C'est
possible ! L'autogestion d'une usine par ses ouvriers. La mise en
coopérative de près de 200 entreprises en Argentine,
de l'emploi pour 15 000 personnes avec de vrais salaires, une productivité
croissante, c'est possible ! nous dit Naomi Klein. Après une
longue série de documentaires consacrés aux fermetures
d'usines et à leurs dégâts socio -psychologiques
(de Roger and me (Michael Moore) à Rêve
d'usine (Luc Decaster) ou Paroles de Bibs (Jocelyn Lemaire-Darnaud))

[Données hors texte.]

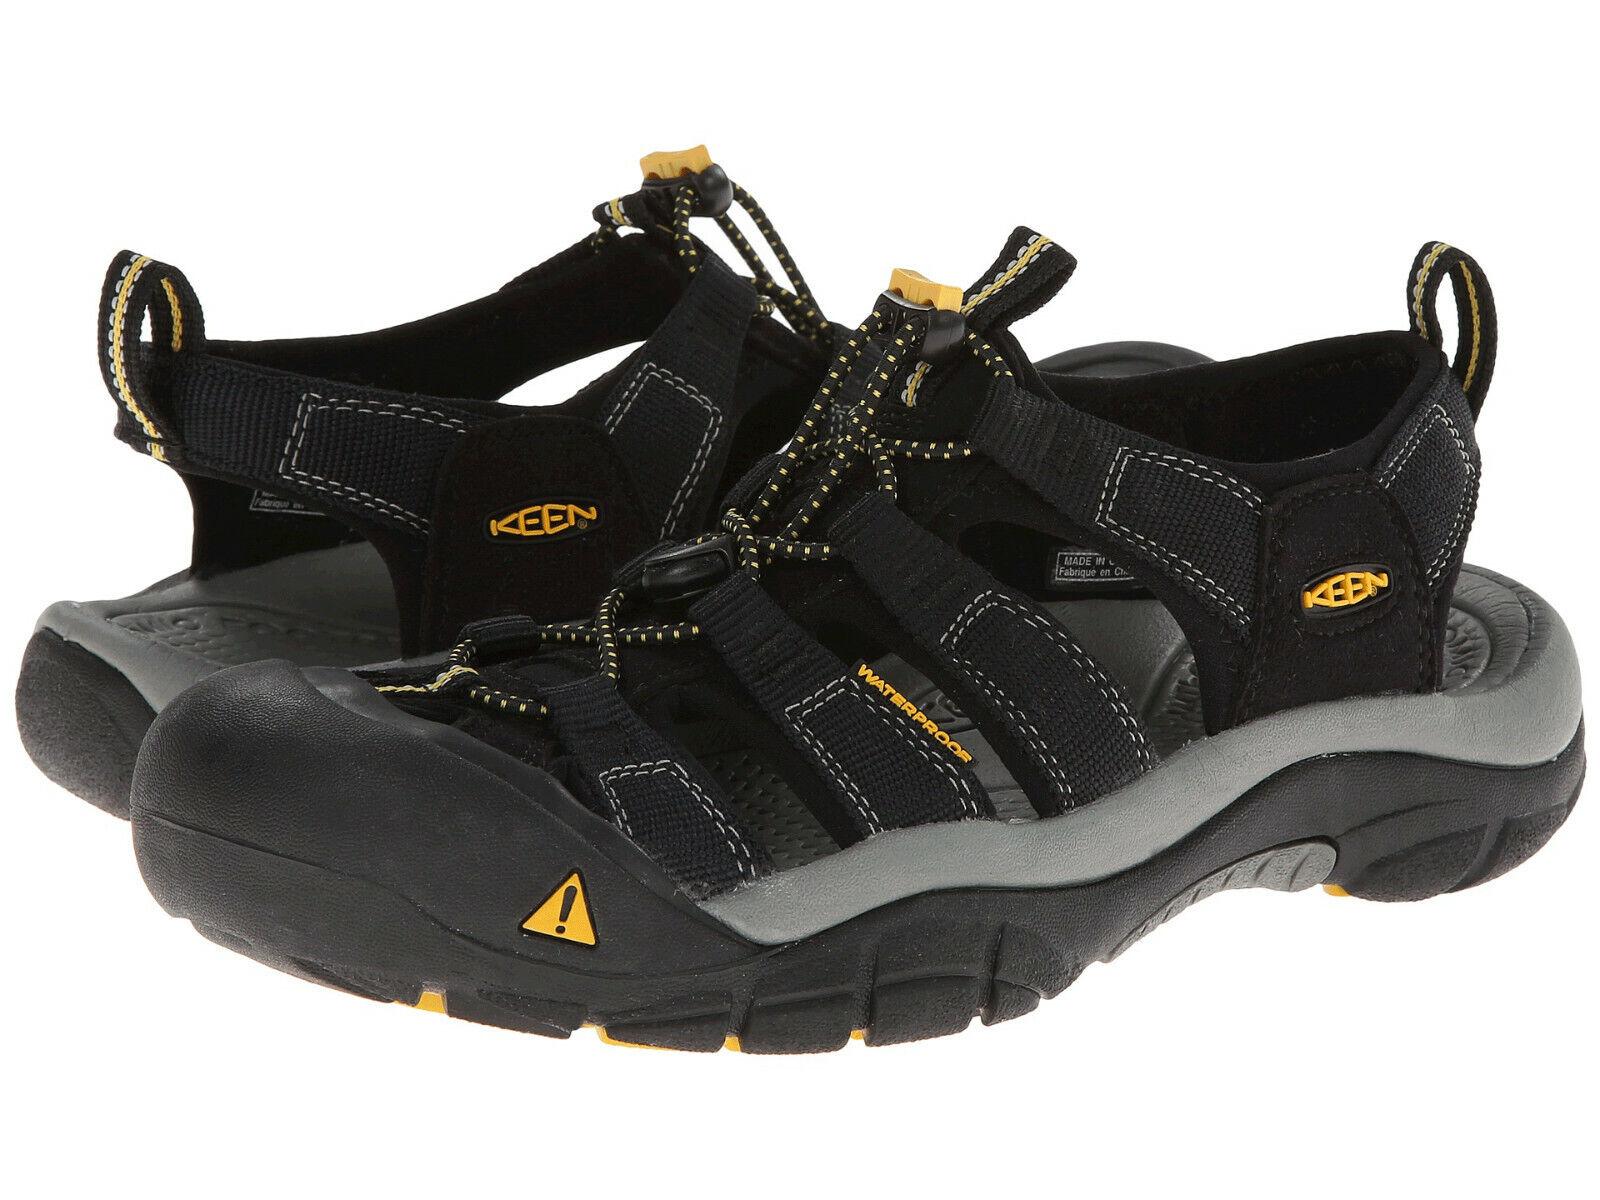 KEEN Men's Newport H2 Sandal Black (Select Size)

courant des années 90, l'heure est à la réaction.
The take, c'est la prise du travail mais surtout la prise
de conscience de la classe ouvrière. On pense aussi à
Reprise de Hervé Le Roux, au visage de cette femme
qui refuse de reprendre le travail aux usines Wonder en 1968, elle
crie, elle pleure qu'elle "ne remettra plus les pieds dans cette
taule!". À cette époque, la notion même de
travail était remise en cause. 36 ans plus tard, une autre
femme pleure dans The take, mais cette fois c'est parce que
son mari a perdu son emploi et par là même "sa dignité
d'homme" ! Aujourd'hui, le travail est bien la valeur suprême.
À l'heure de l'altermondialisme, les années 70 et leur
idéal de vie sont bel et bien enterrés.
Naomi
Klein, jeune canadienne propulsée au devant de la scène
militante suite au succès interplanétaire de son essai
anti-libéral, No logo: la tyrannie des marques, véritable
bible de l'altermondialisme, choisit cette fois-ci le cinéma
pour apporter la preuve par l'image qu'une alternative au capitalisme
est tout à fait réaliste. Comme ils l'expliquent très
honnêtement dans leur making-of maison, Naomi Klein et Avi Lewis
n'avaient pas de sujet avant de commencer leur film. Juste une idée.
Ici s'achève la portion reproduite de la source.